We're going to start with an examination of compounds of interest, including Agent Orange, in this intergenerational model. If we can't prove that compounds of interest to the military have and do demonstrate an intergenerational disease phenotype, then we'll eventually look at a clinical population. But right now we’re going to attempt to prove this theory in an animal study.
Q: What stage have you reached in organizing the institute?
A: The institute is a work in progress. We have a business plan, and we've got a lot of good community support for our effort. We're in the process of raising the necessary money to fund the first five years of this institute, estimated to be $110 million. We need a facility somewhere on the order of 150,000 to 200,000 square feet.
The choice of a facility site is not a trivial matter. On one hand we could site the institute in the academic environment in the Riverpoint Campus of the University District in close proximity to our academic partners. The other alternative is to put the institute in close proximity to the clinical universe by having a building near the hospitals. We haven't made a decision at this stage.
We're also focusing on a strategic advisory board that will help guide the discussion about how this complex partnership will work on resolving some of these very important disease questions.

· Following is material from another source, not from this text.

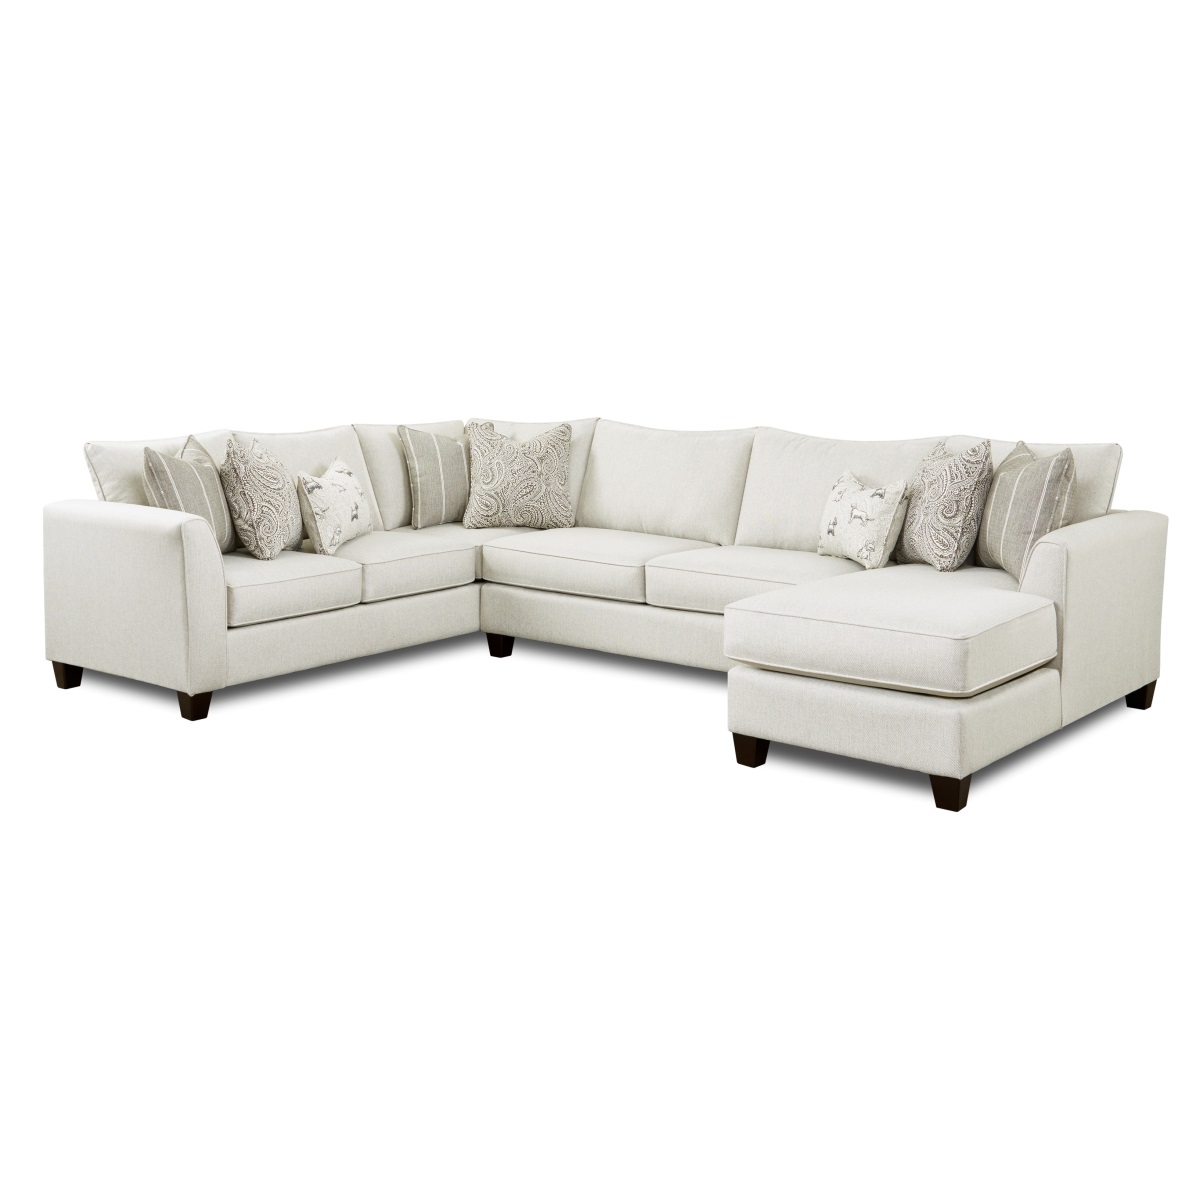 3-piece sectional

We've got progress on all these fronts, but we have some work to do in achieving the institute. We think that's going to occur over the next 36 months. One of the milestones will be the successful recruitment of a chief scientific officer.
Q: How many employees do you envision for the Institute for Systems Medicine?

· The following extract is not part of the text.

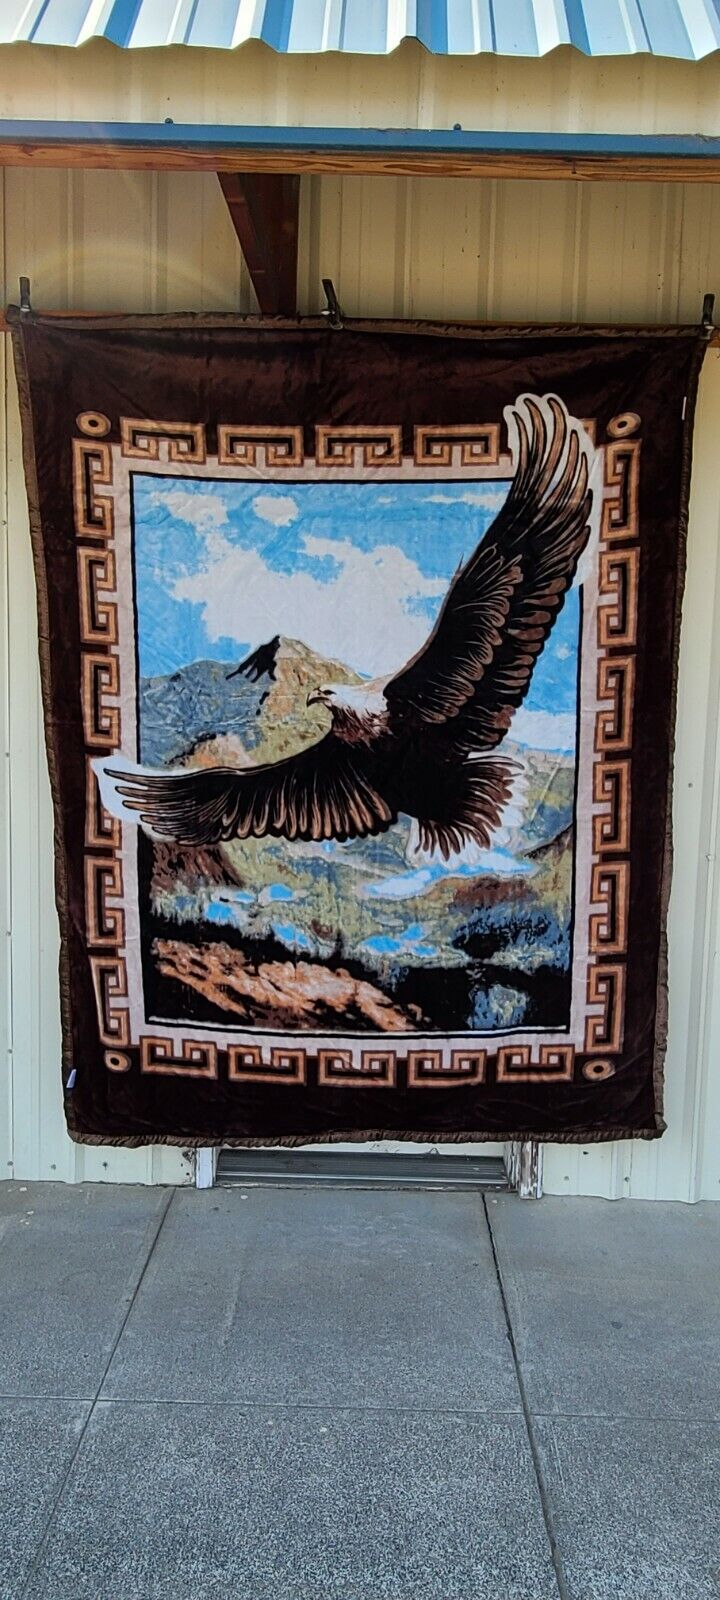 EAGLE FLYING MOUNTAINS AND WOLF TWO PLY KING SIZE BLANKET BEDSPREAD Tanie popularne

A: We're building a model that includes 20 principal investigators. The support staff would bring you to a census of about 230 full-time employees, 70 percent of whom would have master's degrees and higher.
Q: What kind of impact could the institute have on Spokane's economy?
A: Our impact could be clearly trans-formational. We had an economic impact study, which projects that by 2025 — assuming we build our building, raise our money and operate on an annual $35 million budget — we'll be generating $150 million in annual economic impact. It's going to take some time to get there, but ultimately we hope to reach a critical mass that will be generating innovations, intellectual property, opportunities for commercialization, increased employment, cultural values, and taxes.
I suggest to community leaders that our institute is exactly the kind of investment we need to make. In the Puget Sound region, there were 30 years of investments and it's now bearing the fruit, for example, in nine biomedical research institutes.
We cannot talk our way into economic vibrancy. We have to invest.